10:48PM SGT: Remaining validators agree that sufficient waiting time has passed and that the chain liveliness needs to be restored.
10:54PM SGT: Remaining validators start their nodes, bringing >66.6% of voting power online.
11:00PM SGT: Block 7252687 is produced and chain liveliness is restored.
11:07PM SGT: Public notice regarding incident resolution is issued.
11:12PM SGT: Validators are informed that the existing v1.13 upgrade is no longer necessary and the proposal can be aborted by voting “No”.
11:17PM SGT: Core dev [Y] confirms that the fix for the underlying issue is correct and will be deployed in a new v1.13.1 binary.
8 Feb — 12:56AM SGT: Remaining validators completes upgrade in time. Only one remaining validator with a small delegated stake is jailed.
1:28AM SGT: Governance proposal #27 (v1.13 software upgrade) is rejected, avoiding the possibility of a erroneous rollback.
As the underlying issue is non-critical, it will be fixed in an upcoming upgrade (v1.13.1), in which the temporary bypass will also be removed.

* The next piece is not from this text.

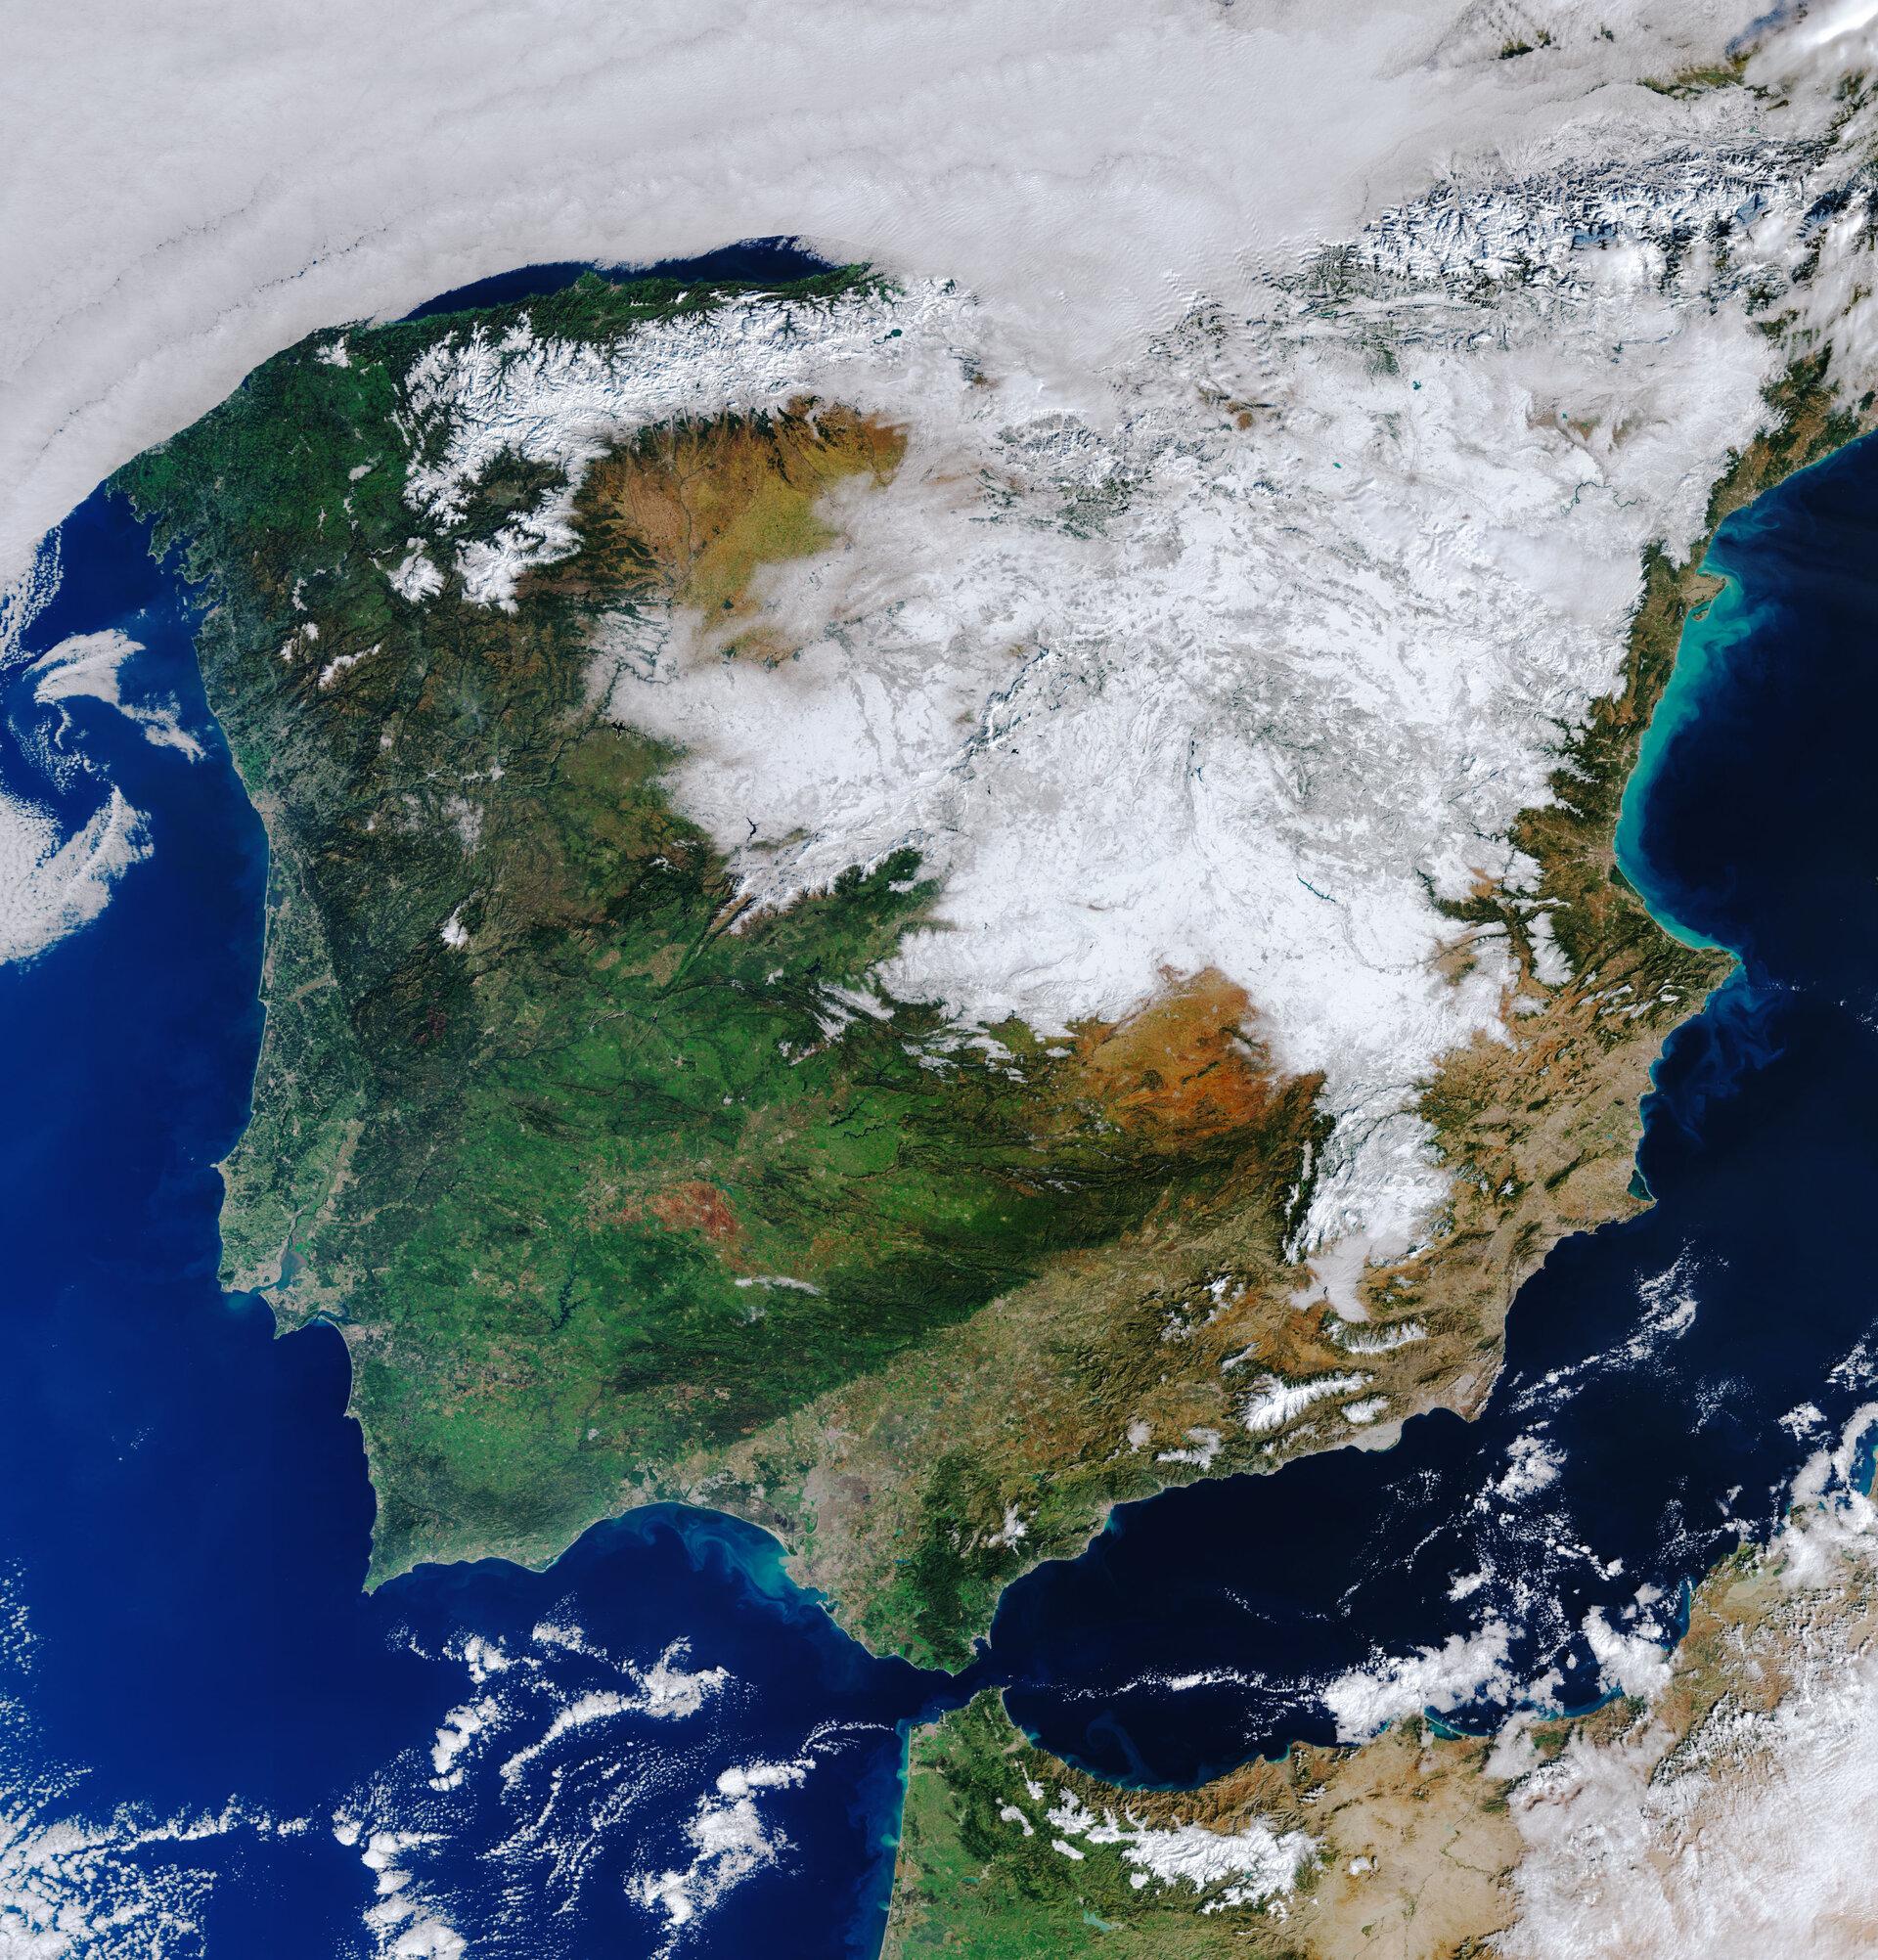 Neu de Filomena sobre Espanya, 12 de gener de 2021, satèl·lit Copernicus Sentinel-3, ESA
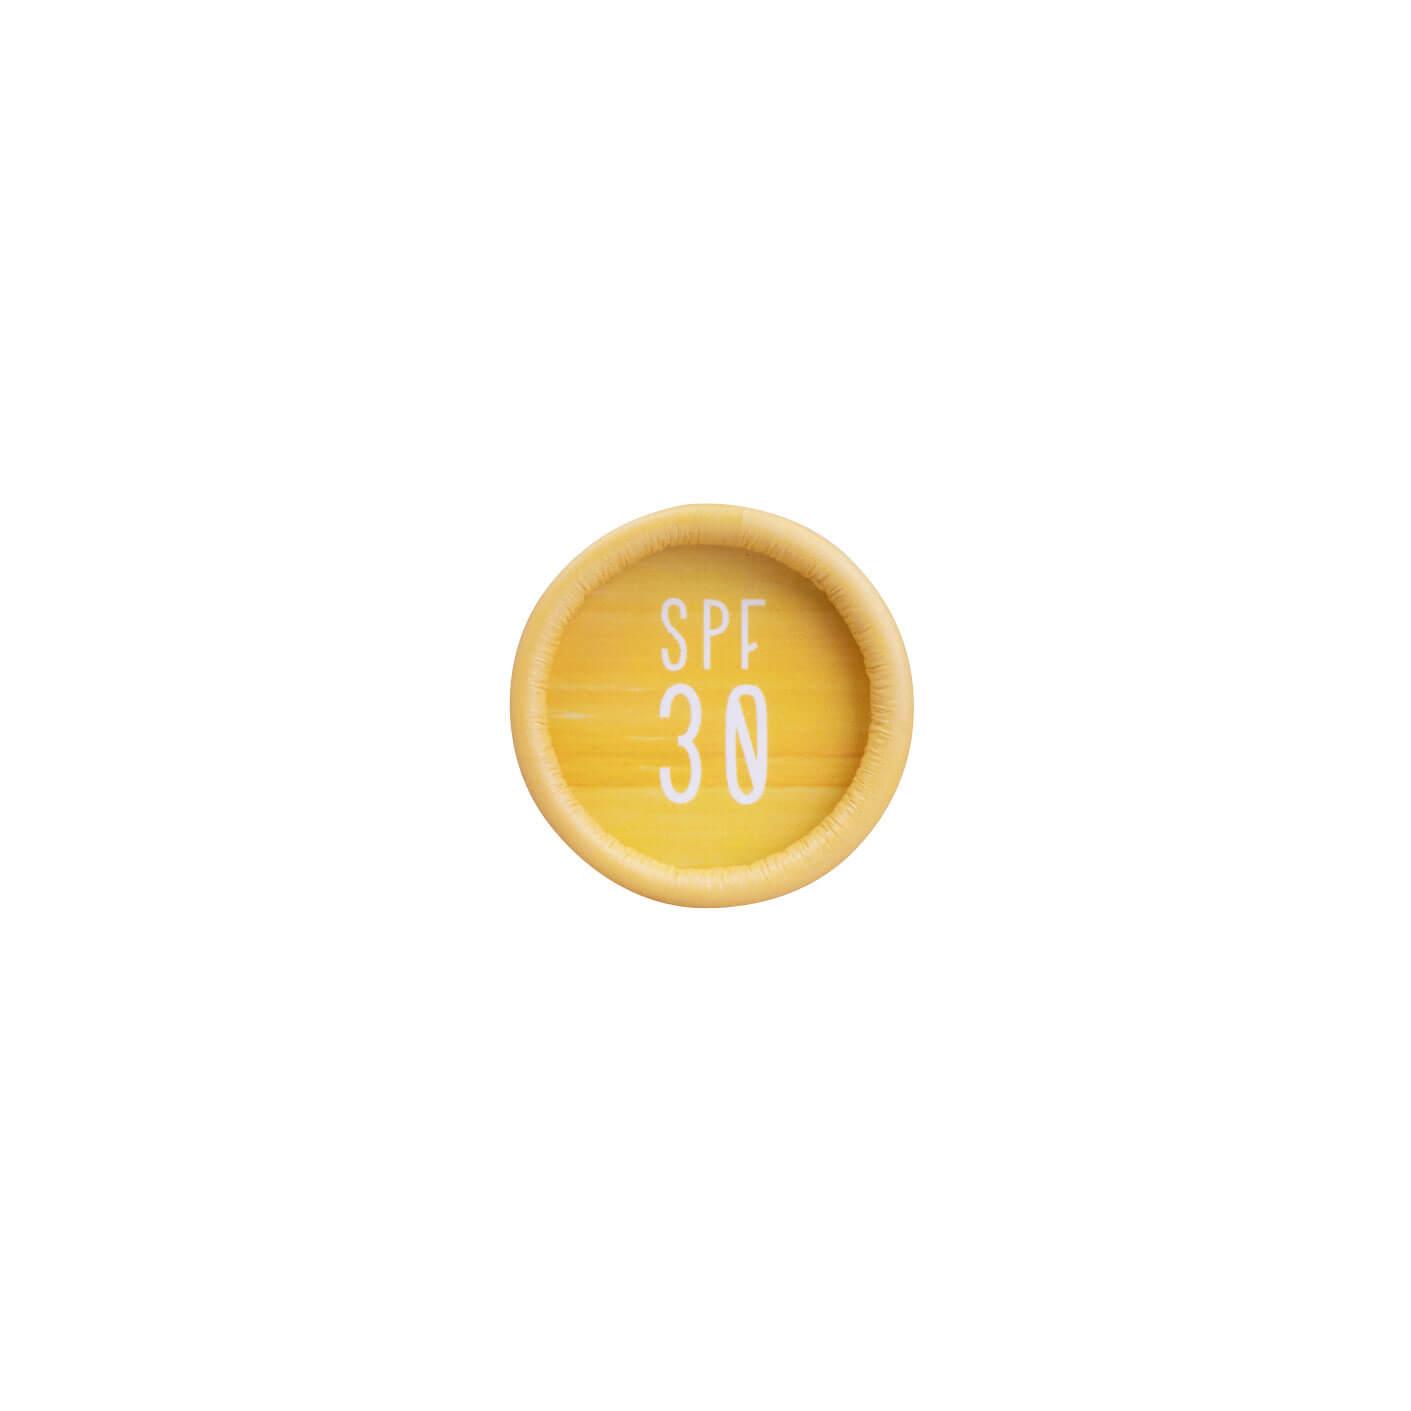 Revenda - Protetor solar em stick  SPF30 - We Love The Planet

Switcheo’s core devs have found that the erroneous piece of code was already extensively tested through unit tests and fuzz testing. However, the issue was not uncovered beforehand as it is only triggered by an extremely narrow set of values that was not within our fuzz testing input range. In order to reduce the possibility of similar issues occurring again, we will extend the range of input values that is used in all our fuzz testing suites.
We thank the Switcheo community for their patience during this incident and are extremely grateful to the validator operators for their quick response, which allowed the chain liveliness to be restored extremely quickly.